You must use touch wisely. Following God’s law is the way to do it.

God has awesome and beautiful reasons for essentially eliminating touch from the equation before you are married. He wants you to avoid the pain of breaking up. He wants you to develop character by refraining.

A man who takes the lead in the right way during the courtship is showing his bride-to-be that he is a man of character in whom she can place her full trust.
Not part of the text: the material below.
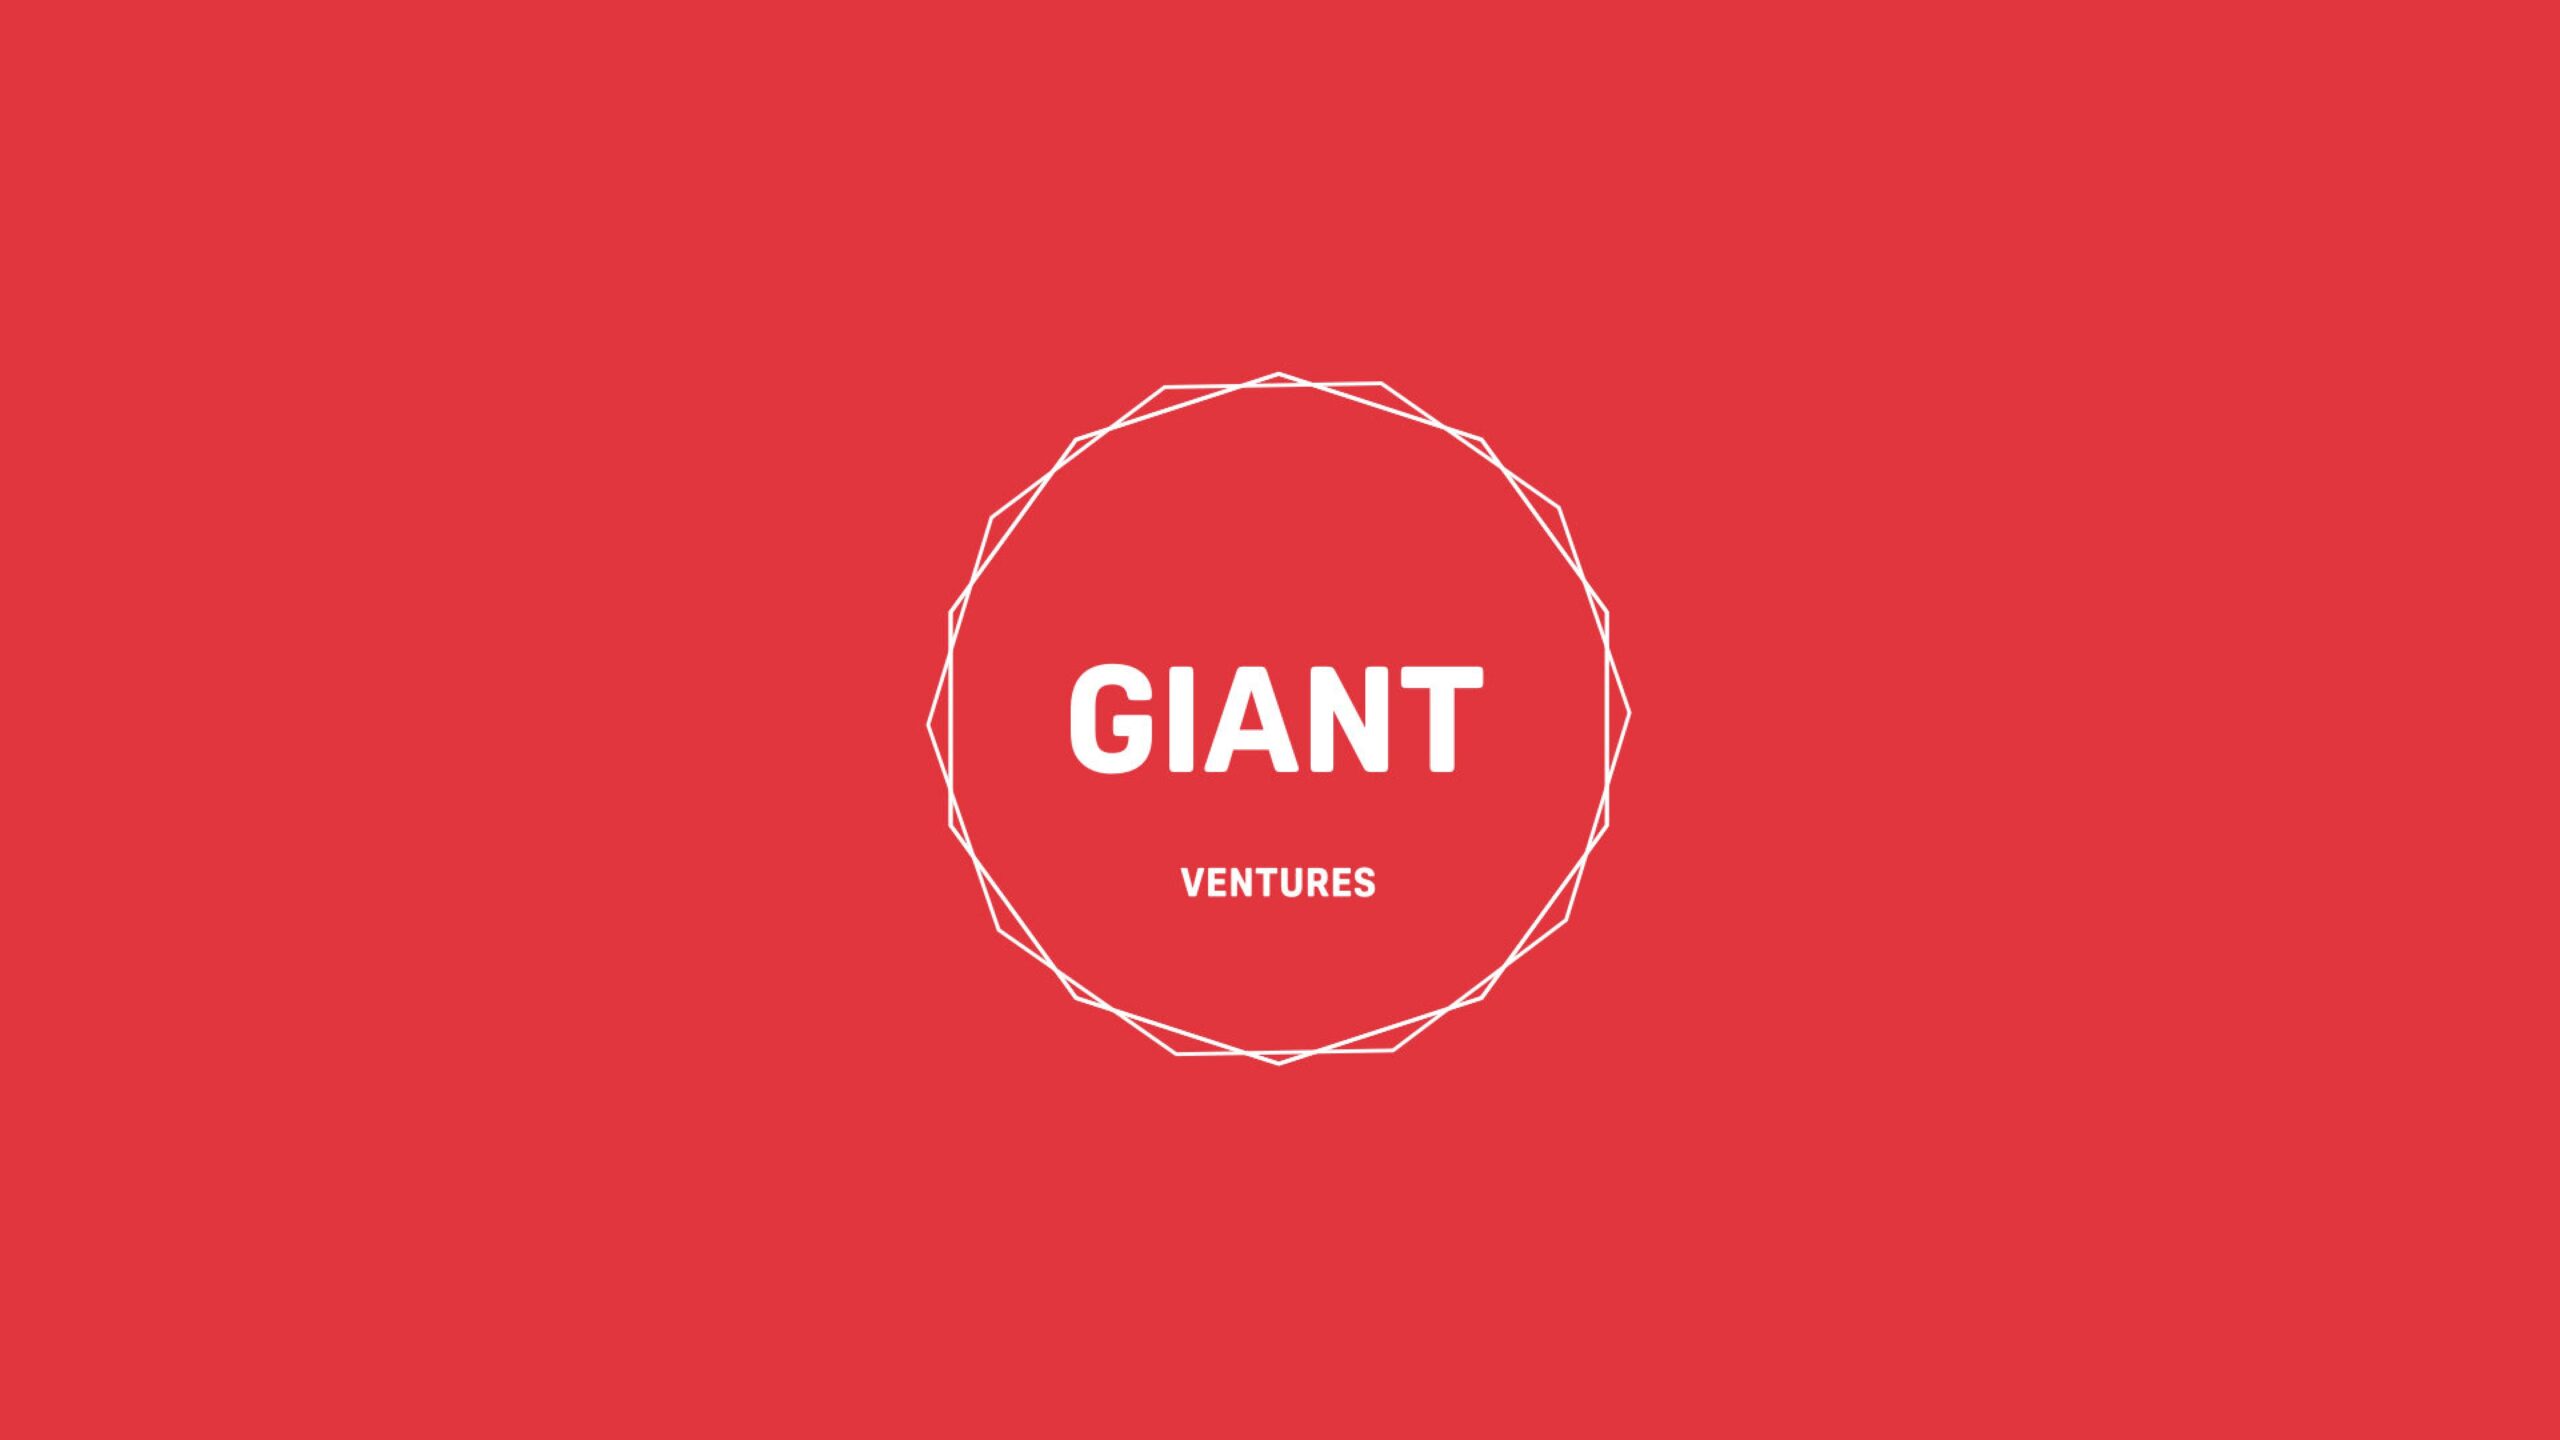 Giant Venturesが2億5,000万ドルを調達し、海外投資を開始

Developing the character muscle to “refrain from embracing” comes in handy even after marriage. There are times God tells a married couple to “refrain” (e.g. 1 Corinthians 7:5). He wants you to show love by putting the other person’s needs above your own desires. After all, what is love? It is “the fulfilling of the law” (Romans 13:10). Real love is going to stay within the bounds of God’s law! The real love of God actually fulfills the law. If you are pushing the limits of what you’re supposed to do—if you’re going contrary to counsel—if you’re compromising—that is not love, it is lust! It is selfishness and sin!

Read the story of Balaam in Numbers 22 through 24, and consider Mr. Armstrong’s analysis: “Balaam wanted to go just as far in the wrong way as he dared. That is Satan’s way! Now just how far may you safely go in doing what you want instead of what you ought to do? Haven’t you often compromised on this? Haven’t you often wanted to do something you knew you really ought not? And haven’t you sometimes gone at least partway, thinking that perhaps if you didn’t go all the way in doing wrong, you might ‘get away with it’?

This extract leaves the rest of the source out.